Le automobili con potenza superiore a 185 kW sono invece soggette al pagamento del superbollo. Nei primi 5 anni di circolazione del veicolo si pagano 20 euro per ogni kW oltre la soglia dei 185, tra i 5 e i 9 anni l’importo scende a 12 euro, tra i 10 e i 14 anni si scende ancora a 6 euro. Importo pari a 3 euro, invece, quando l’auto ha dai 15 ai 19 anni e poi, una volta raggiunta la soglia dei 20 anni, il mezzo non è più soggetto al superbollo.

Se invece si possiede già la targa del veicolo, il calcolo diventa molto più semplice perché è possibile farlo direttamente sul sito dell’Agenzia delle Entrate. Nella sezione “pagamenti > bollo auto” si trovano delle tabelle nelle quali inserire la targa del mezzo per il quale si desidera conoscere l’importo e digitare anche il codice di sicurezza suggerito dal sito. Qui sarà possibile scoprire, oltre che l’importo esatto, anche le more a cui si va incontro in caso di pagamenti in ritardo.

Infine, il calcolo può essere fatto anche sul sito dell’ACI, raggiungibile anche attraverso l’applicazione IO, l’app dei servizi pubblici messa a disposizione dallo Stato.

Le altre agevolazioni riguardanti il mondo dell’auto

È ancora una volta l’emergenza sanitaria a rendere necessari gli interventi che l’Unione Europea ha fatto in termini di scadenze e di pagamenti. Allungare i termini utili per assolvere ai propri pagamenti è necessario per evitare code e assembramenti. Soggetti a queste proroghe anche i rinnovi di patenti e fogli rosa.

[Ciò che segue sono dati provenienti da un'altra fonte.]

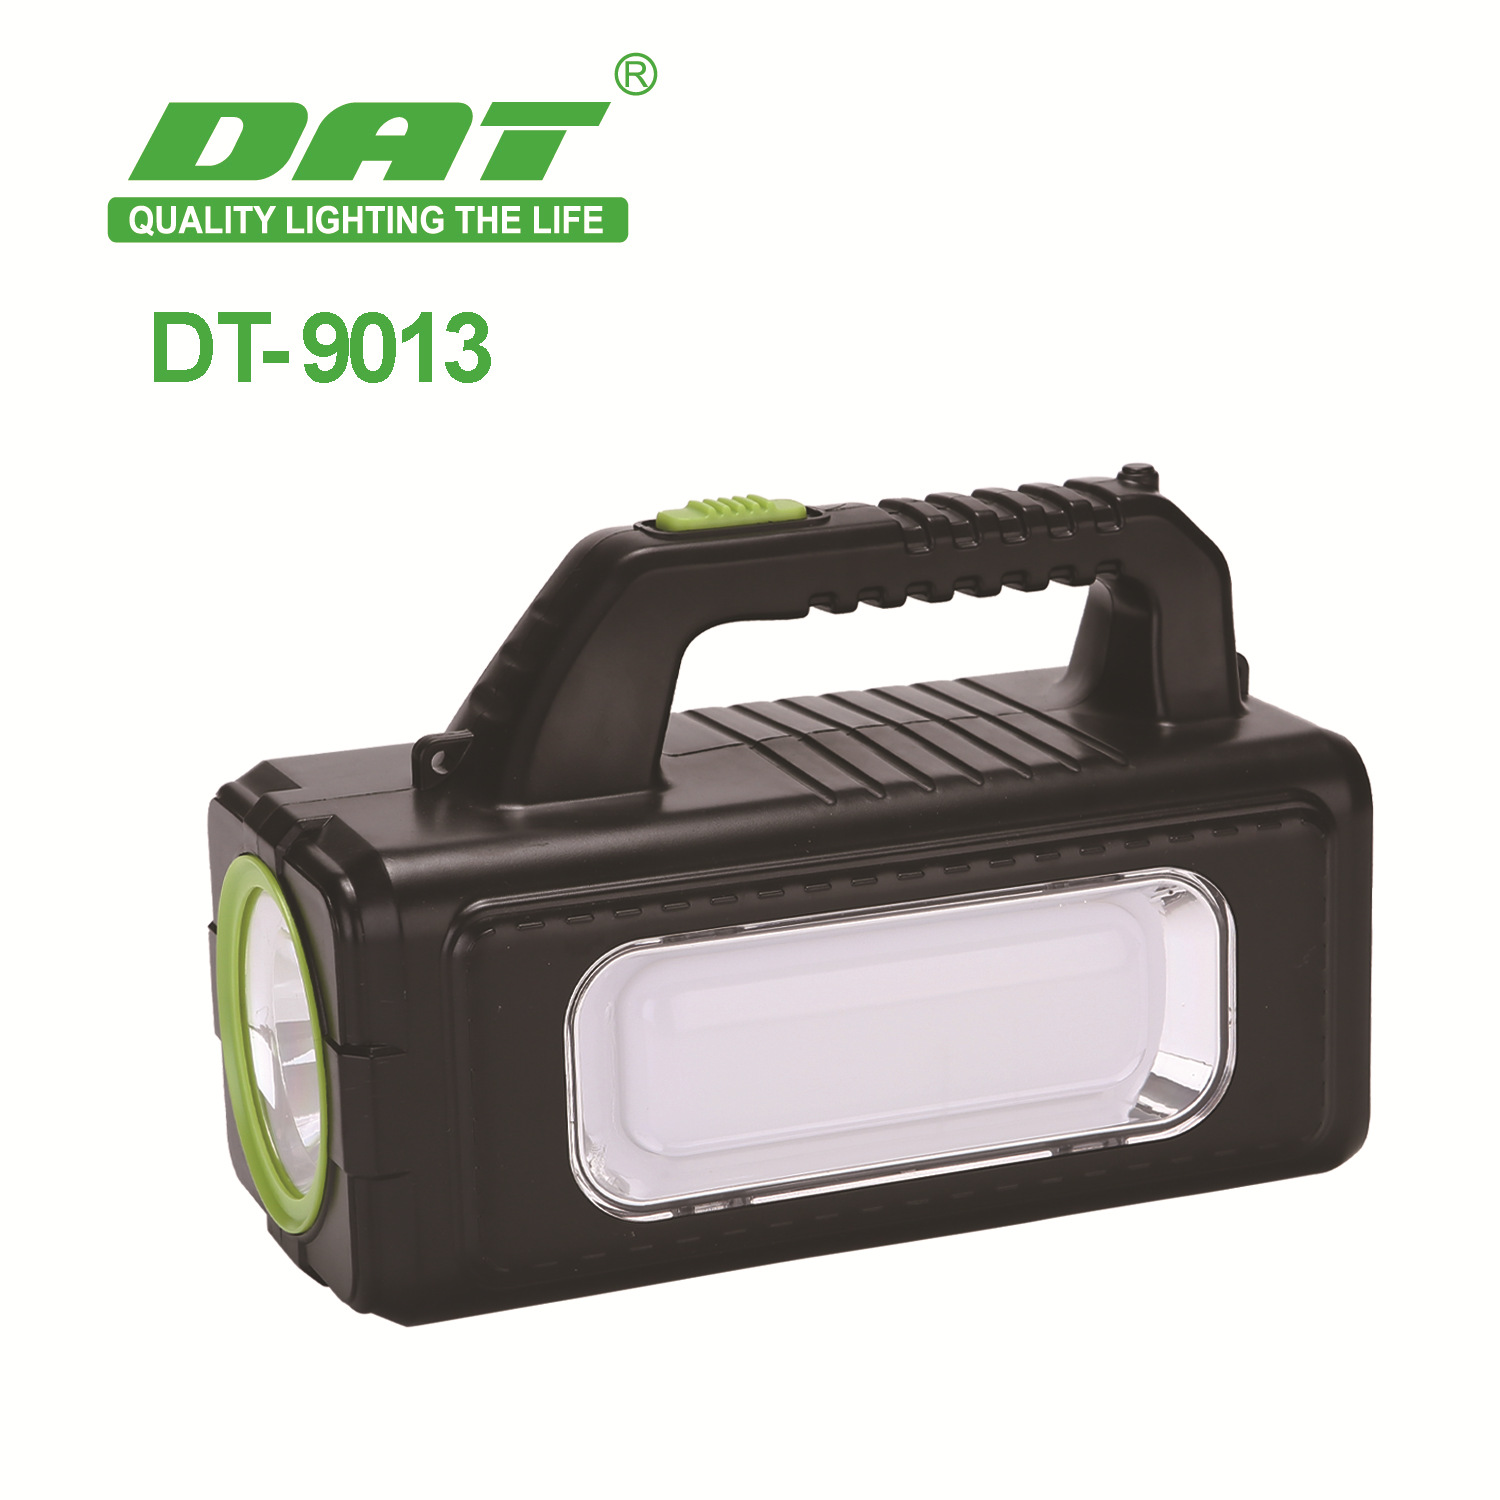 Dt-9013 Outdoor Lighting Led Light Portable Solar Lighting System Emergency Charging Camping Lamp

Il regolamento Ue 2021/267 ha stabilito che le patenti di guida scadute tra l’1 settembre 2020 e il 30 giugno 2021 hanno un’ulteriore validità di dieci mesi a partire dalla data di scadenza riportata sulla patente stessa. Questa misura si aggiunge a quella dello scorso anno che prevedeva una validità di ulteriori sette mesi oltre la scadenza. Le due cose sono cumulabili, nel senso che chi ha già usufruito dei sette mesi potrà accedere anche alla proroga di altri dieci mesi.

Diverso è invece il caso dei fogli rosa, rilasciati dalla motorizzazione per poter guidare accompagnati da un guidatore esperto in attesa di superare l’esame pratico per la patente. La validità di questi, con scadenza tra il 31 gennaio 2021 e il 30 aprile 2021, è prorogata di 90 giorni a partire dalla data di scadenza dello stato di emergenza pandemico. La data, attualmente, è fissata proprio al 30 aprile, ma tutto fa pensare che ci sarà un’ulteriore proroga.

Anche dal punto di vista degli esami il Governo è intervenuto per spalmare su tempi più lunghi tutte le richieste dei neo diciottenni e non che si iscrivono a scuola guida. Normalmente, dal momento di presentazione della domanda, si hanno sei mesi di tempo per potersi presentare nella motorizzazione competente per il territorio e sostenere la prova teorica consistente in un quiz di 40 domande. La scadenza utile è stata invece allungata a un anno per tutte le iscrizioni validate dall’1 gennaio al 31 dicembre dello scorso anno.